Gene promoters that exhibited cancer-specific DNA methylation were categorized into three groups. Four hundred fifteen (415) unique gene promoters were selected that showed significant CIMP-H-specific DNA hypermethylation (FDR-adjusted P<0.0001 for CIMP-H vs. non-CIMP tumors and P>0.05 for CIMP-L vs. non-CIMP tumors), and seventy three (73) gene promoters were selected that showed DNA hypermethylation in both CIMP-H and CIMP-L tumors (FDR-adjusted P<0.0001 for CIMP-H vs. non-CIMP and CIMP-L vs. non-CIMP). For the third category, five hundred forty seven (547) genes were identified that acquired cancer-specific DNA hypermethylation irrespective of CIMP status (FDR-adjusted P<0.00001 for 29 paired tumor vs. adjacent non-tumor tissue). The genes are listed in Table 4. (Supplemental Table 4 for a list of genes).
Identification of Diagnostic CIMP-Associated DNA Methylation Gene Marker Panels.
The top 20 Infinium DNA methylation probes that are significantly hypermethylated in CIMP (CIMP-H and CIMP-L) compared with non-CIMP tumors based on the Wilcoxon rank-sum test were first selected.
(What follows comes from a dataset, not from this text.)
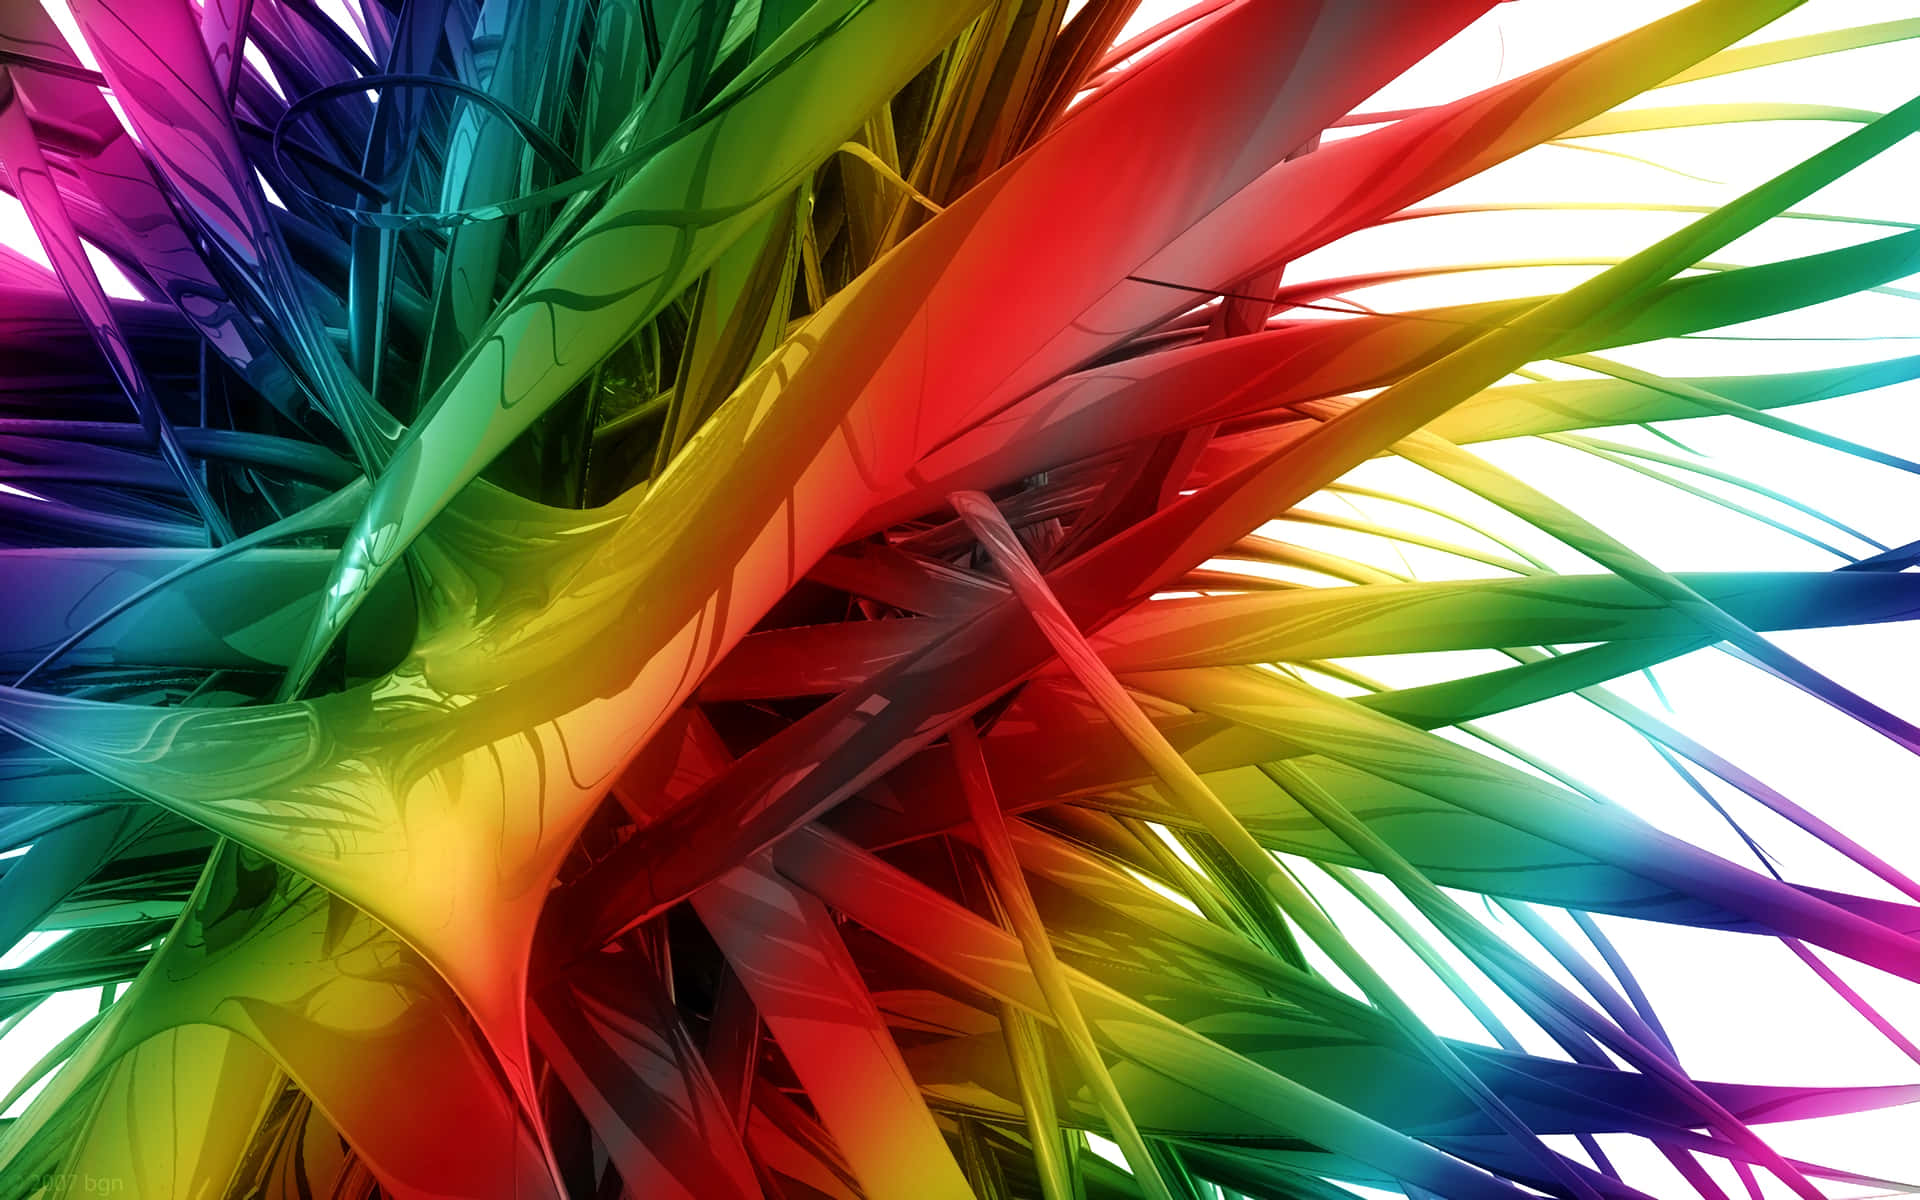 Spikes Of Paint In Colorful Abstract Art Wallpaper

Using the conditions that DNA methylation β-value≧0.1 of three or more markers qualifies a sample as CIMP, a five-probe panel was determined that best classify CIMP (CIMP-H and CIMP-L) by calculating sensitivity and specificity, and overall misclassification rate for each random combination of the top 20 probes. For the CIMP-H-specific marker panel, top 20 probes were first selected that are significantly hypermethylated in CIMP-H compared with CIMP-L tumors. A five-marker panel was then chosen that showed the best sensitivity and specificity, and overall misclassification rate to classify CIMP-H using the conditions that three or more markers show DNA methylation β-value threshold of ≧0.1.
Integrated Analyses of the Illumina Infinium DNA Methylation and Gene Expression Data.
One probe was selected for each gene that showed the highest absolute mean β-value difference between tumor and normal-adjacent samples. The DNA methylation was then merged with the gene expression data set using Entrez Gene IDs using the R merge function. Expression data points with a detection P value >0.01, computed by BeadStudio software, were considered as not distinguishable from the negative control measurements, and therefore not expressed. A mean β-value difference (|Δβ|) of 0.20 was used as a threshold for differential DNA methylation. This threshold of |Δβ|=0.20 was determined previously as a stringent estimate of Δβ detection sensitivity across the range of β-values (Bibikova, 2009).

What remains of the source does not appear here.